A Casa Mendes Gonçalves conta com 420 trabalhadores de13 nacionalidades. É o maior empregador da região da Golegã
Publicado a

Diz-se que, nas empresas familiares, a primeira geração constrói, a segunda mantém e a terceira destrói. Carlos Gonçalves, fundador da Casa Mendes Gonçalves, dona de marcas como a Paladin ou Sacana, nunca escondeu a responsabilidade que sente para com a Golegã, enquanto maior empregador de uma vila com cerca de três mil habitantes. Para “garantir a eternidade da empresa”, evitando “questões sucessórias ou mesmo uma eventual compra”, criou a Fundação Mendes Gonçalves (FMG), à qual doou a sua quota disponível, ou seja, cerca de 30% do capital da empresa. Educar, Regenerar e Nutrir são as três áreas prioritárias de ação e Tiago Pereira, especialista em Psicologia da Educação e do Trabalho, foi o escolhido para liderar este projeto como CEO da Fundação. Ainda este ano, arranca a construção de um centro educativo, num investimento que chega aos 10 milhões de euros.

Da Golegã para o mundo é o mote da empresa, que conta atualmente com mais de 400 funcionários de 13 nacionalidades distintas, mas também o da Fundação, que pretende ser “uma referência” na “partilha de boas práticas, com educação de qualidade, regeneração dos solos e bem-estar da nossa comunidade”. E, por isso, vai implementar um conceito de “filantropia de proximidade”, com os projetos a impactarem, antes de mais, a Golegã e a região ao redor, mas indo para além disso, através de uma ação baseada na cocriação e no desenvolvimento de parcerias estratégicas.

A escolha da Educação como um dos pilares fundamentais deve-se à convição de que a criação de um ecossistema que valoriza o bebé e a criança (0-10 anos) como elemento central do desenvolvimento sustentável é capaz de “gerar equidade e possibilidades de futuro e bem-estar para todos”. E, por isso, a Fundação irá construir um centro educativo na Golegã, com berçário, creche, jardim de infância e escola do 1º ciclo, com o qual espera, quando estiver a funcionar na sua capacidade máxima, abranger 300 crianças. A ambição é que o centro educativo possa receber os primeiros alunos no ano letivo de 2027-2028, e a FMG está já a trabalhar com o Ministério da Educação para que tanto o jardim de infância como a escola de 1º ciclo sejam integrados na rede pública do Agrupamento de Escolas da Golegã.
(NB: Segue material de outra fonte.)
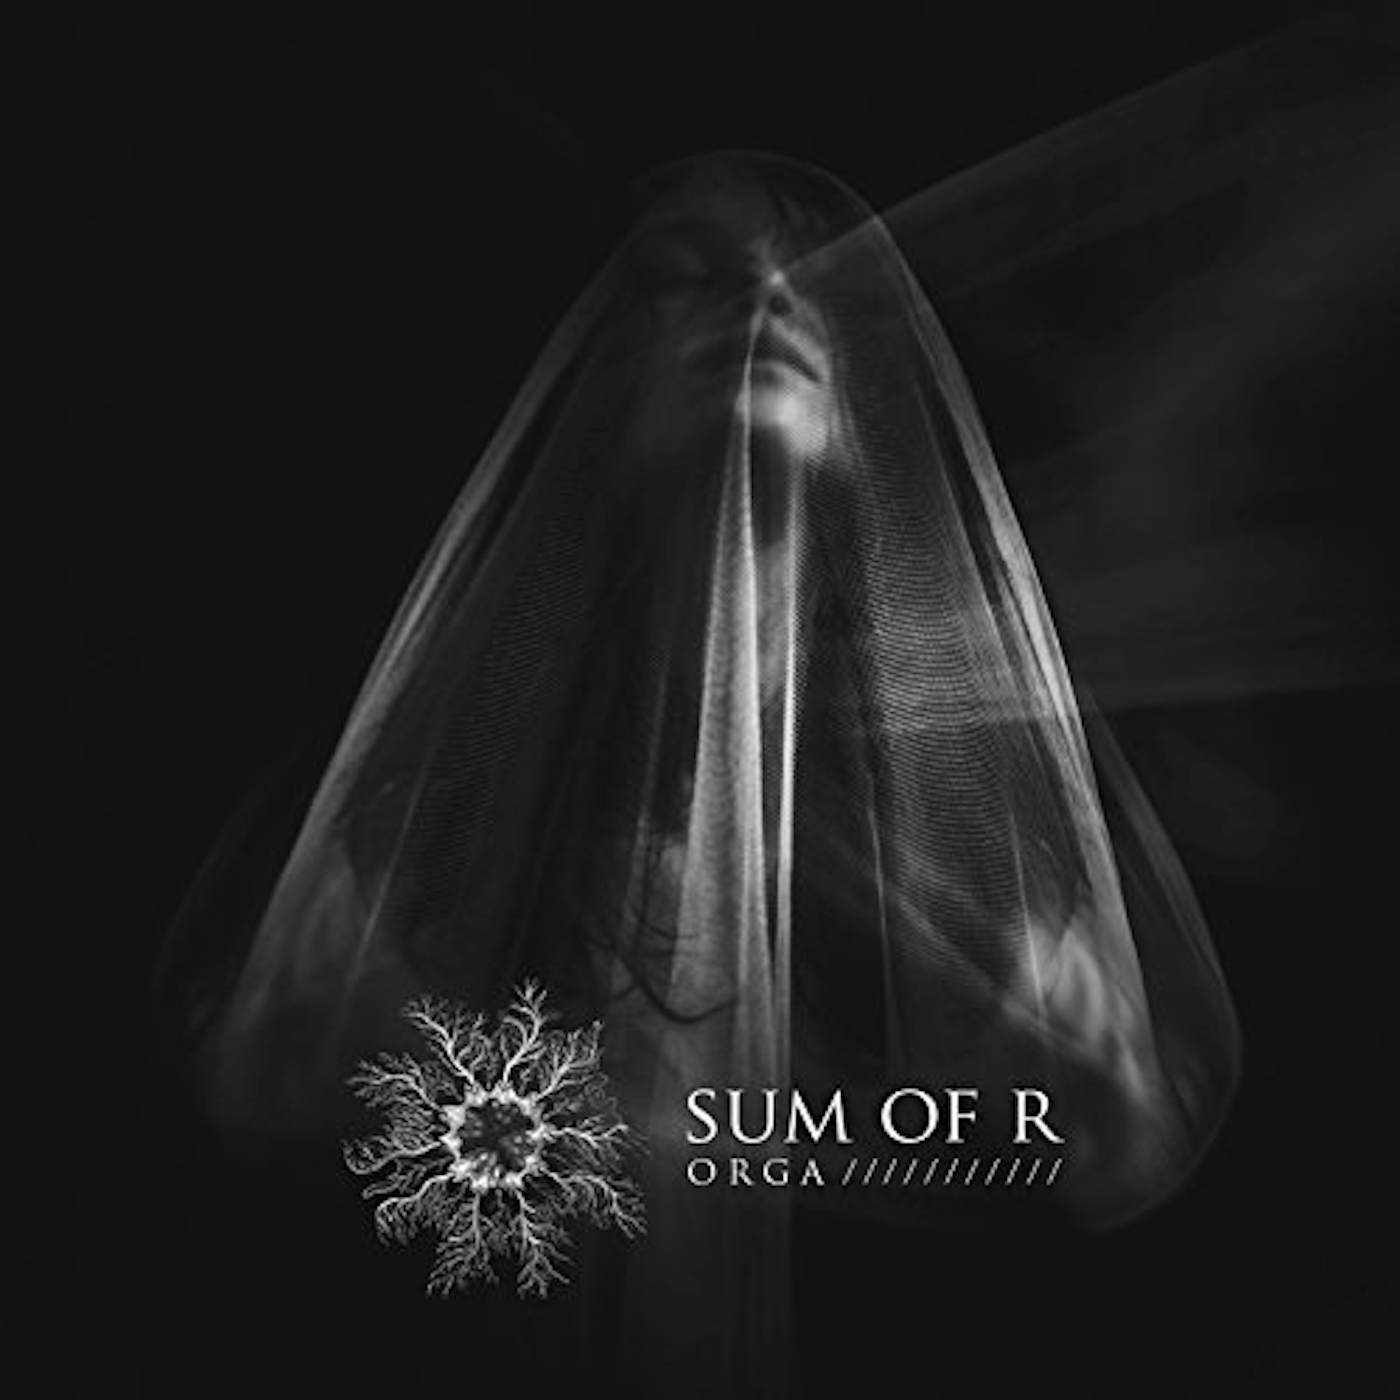 Sum of R Orga Vinyl Record

O investimento é de 10 milhões de euros, como referido, sendo que o terreno, de cerca de 12 hectares, foi disponibilizado pela Casa Mendes Gonçalves junto ao que é hoje o seu centro logístico, e também o primeiro espaço de agrofloresta que a empresa implementou na região. “É um terreno que, no fundo, vai ser devolvido à comunidade. Trata-se de uma das principais entradas da vila e que tem inclusivamente um olival centenário”, explica o CEO da FMG ao Dinheiro Vivo.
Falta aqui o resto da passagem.